Developing an Adaptive Cruise Controller for the Car in Drive Simulator (with Lab Students):

The objective is to develop an adaptive cruise controller that automatically adjusts the speed of the car in order to keep a preset (target) time interval to the vehicle ahead. The controller should provide a stable (non-oscillatory) control of the speed of the car in various driving conditions (e.g., preset time intervals, changes in the preset time intervals, speed of the car, speed of the vehicle ahead, approaching speed, etc.) regardless of the nonlinearities in the controlled systems of the car and feedback delays.

Evolving the Undulatory Swimming Gaits of Fish Robot (with Lab Students):

The objective is to evolve the optimal parameters of the central pattern generator (CPG) of Fish robot. Summary: (i) To account for vortices, a real robot (rather than a software simulation) is used. (ii) We adopted genetic algorithm (GA) to optimize the values of parameters of CPG of the bot. (iii) We consider the optimality from three viewpoints - maximum (static) thrust, maximum speed, or maximum energy efficiency. (iv) The value of Strouhal number might be used for estimating analytically (instead of evolving) some parameters of CPG. (v) The system consist of four subsystems: GA, CPG, optical tracker, and the bot. (vi) We view the monitoring and management of ecological systems as main application domain.

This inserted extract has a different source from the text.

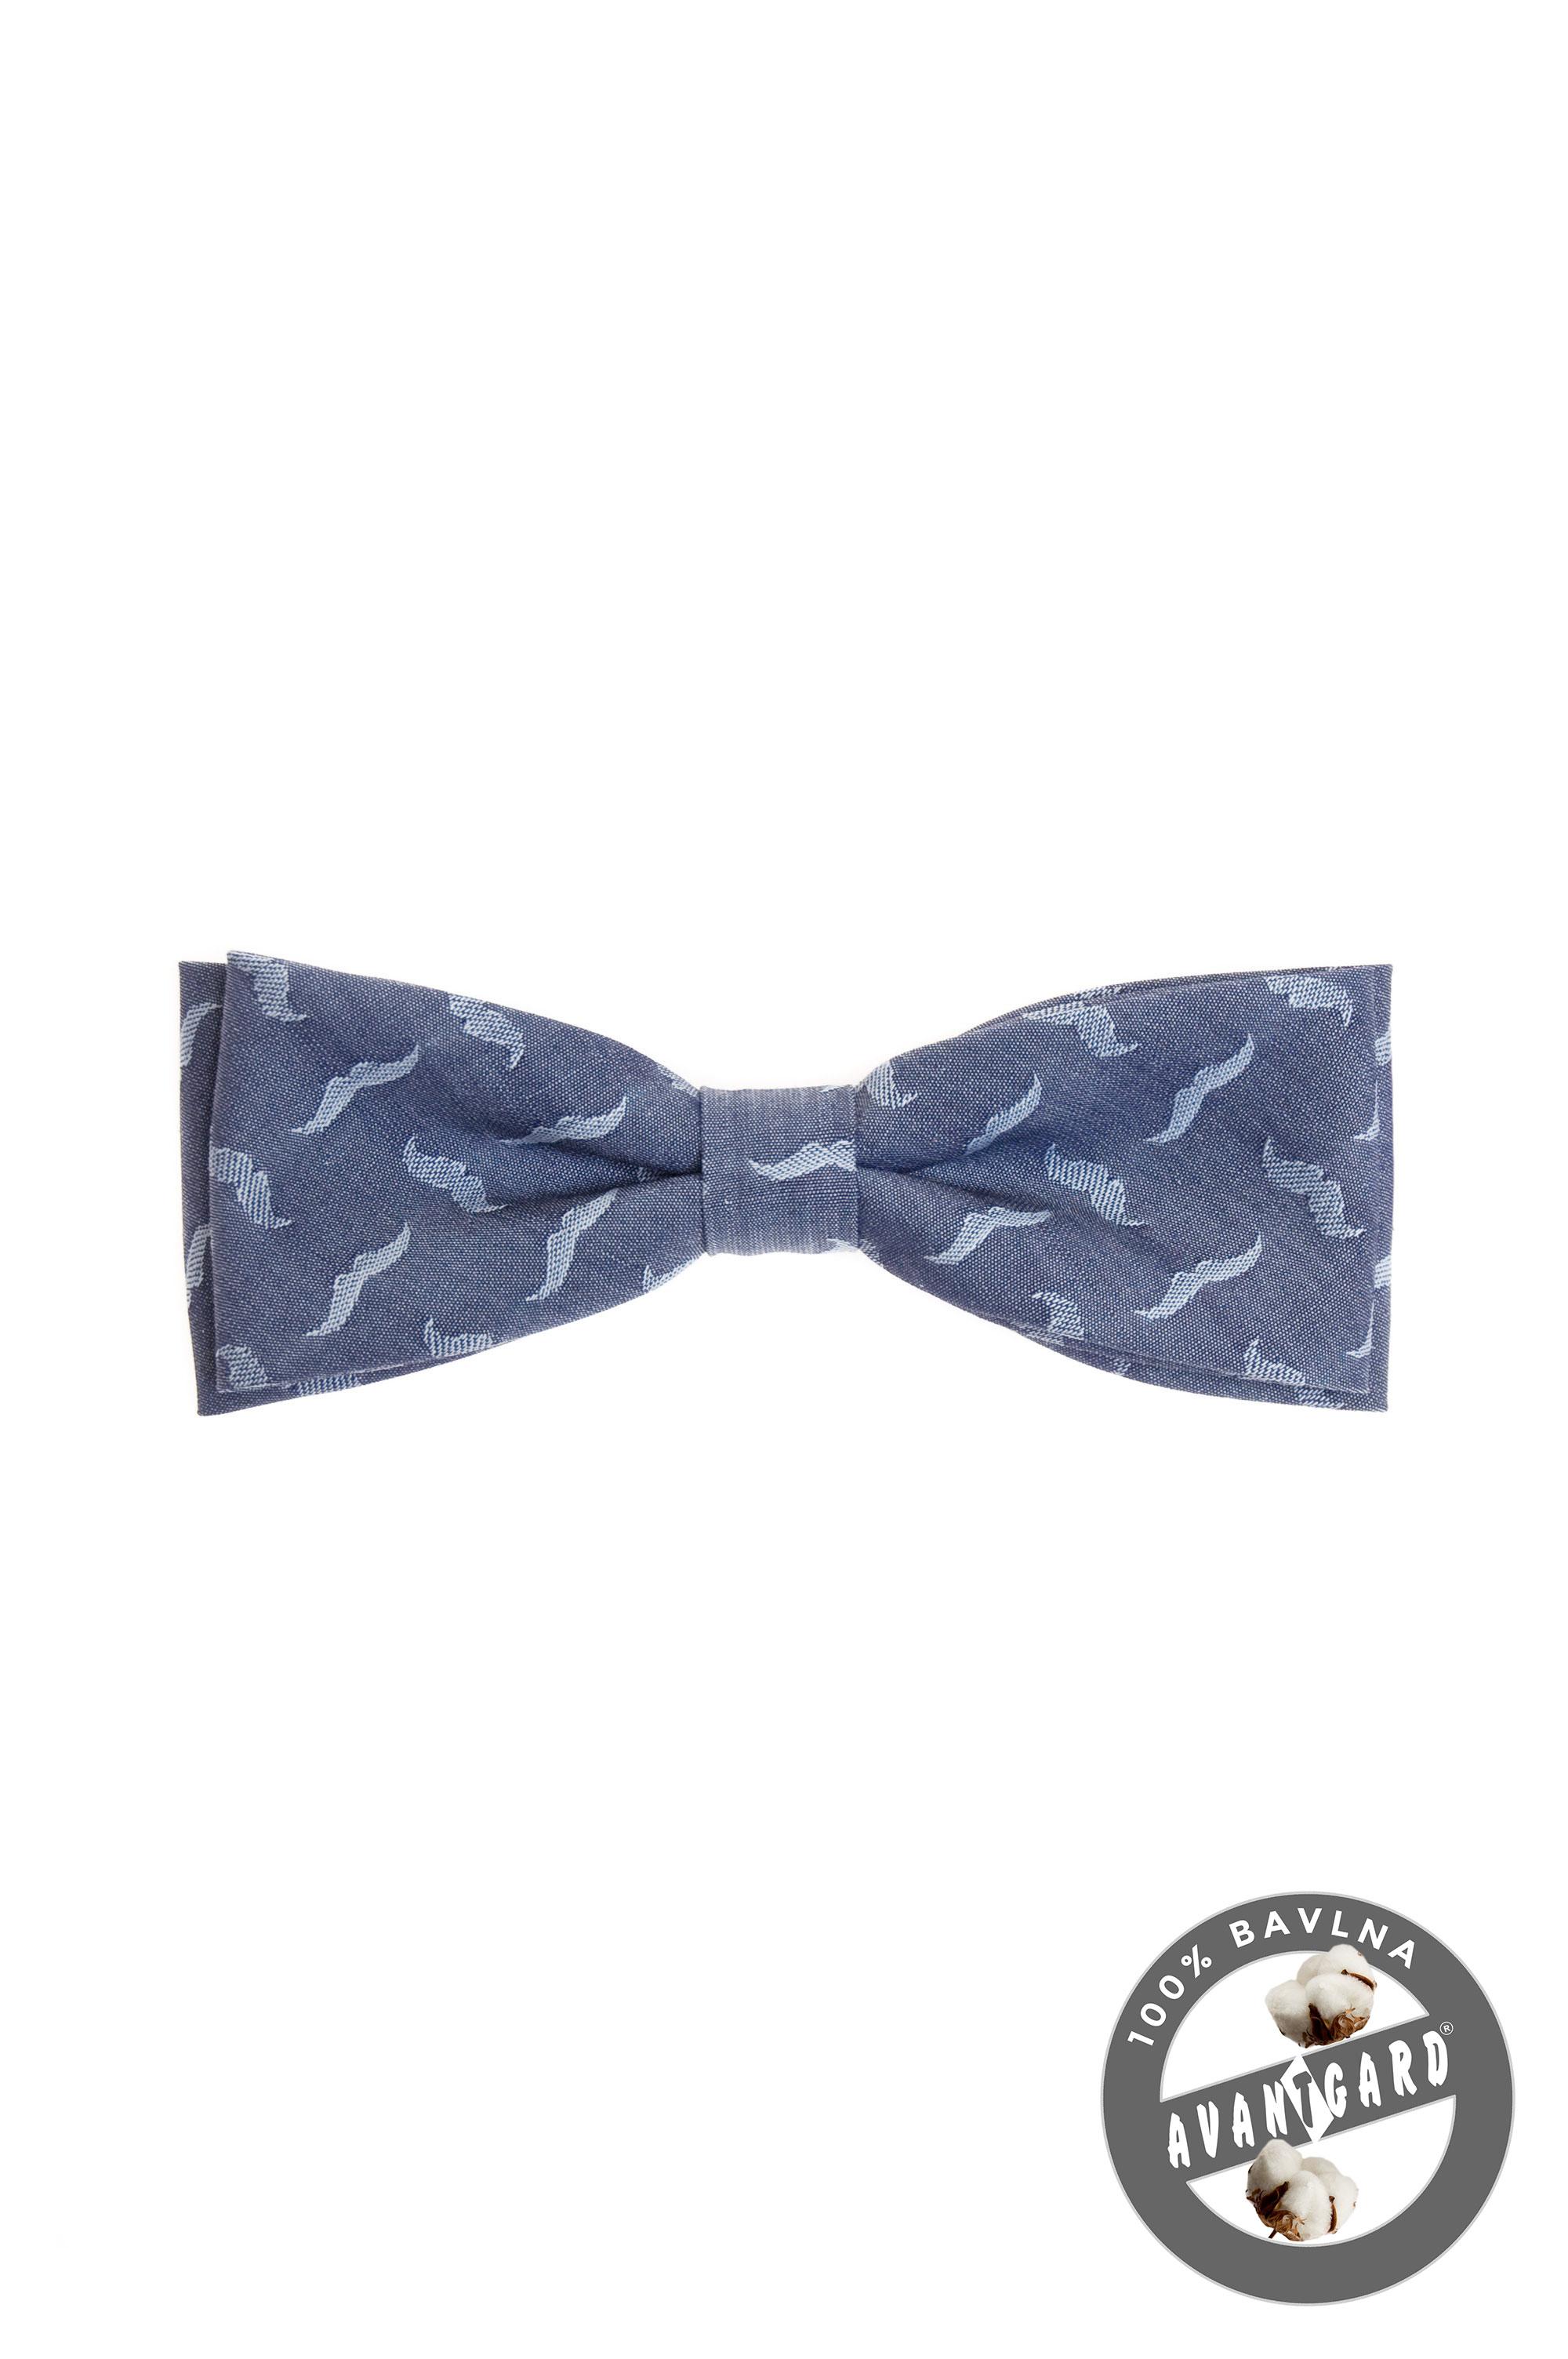 Avantgard pánský motýlek Klasik 576 5075 Modrá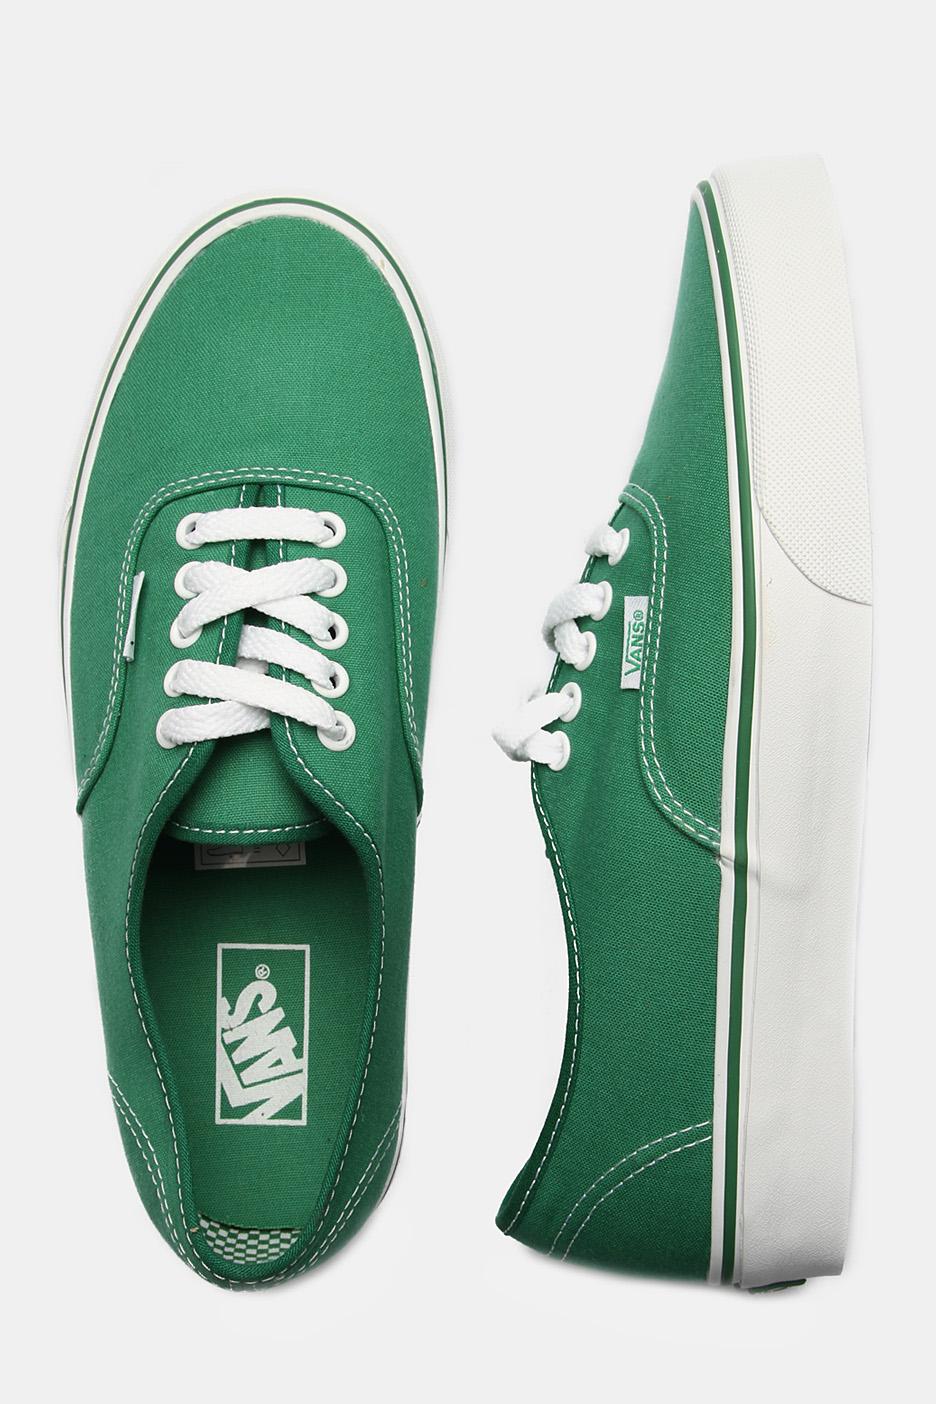 vans shoes green

Evolving Societies of Agents that Do Not Compute (with Lab Students):

In this research we focus on societies of very simple agents. The latter -- inntended to model the emerging micro- and nano-robots -- are morphologically simple. They feature a single line-of-sight sensor with a limited range, and a simple control of their two thrusters. The agents are behaviorally simple too -- their decision-making involves no computing, rather -- a direct mapping of the few perceived environmental states into corresponding pairs of thrust values. We apply genetic algorithms to evolve such a mapping that results in complex behaviors -- dispersing, shepherding, surrounding, capturing, etc. -- of the society of these simple agents. Also, we are interested in exploring the effects of morphological asymmetry (i.e., angular offset of the line-of-sight sensor) on generality and robustness of these complex behaviors.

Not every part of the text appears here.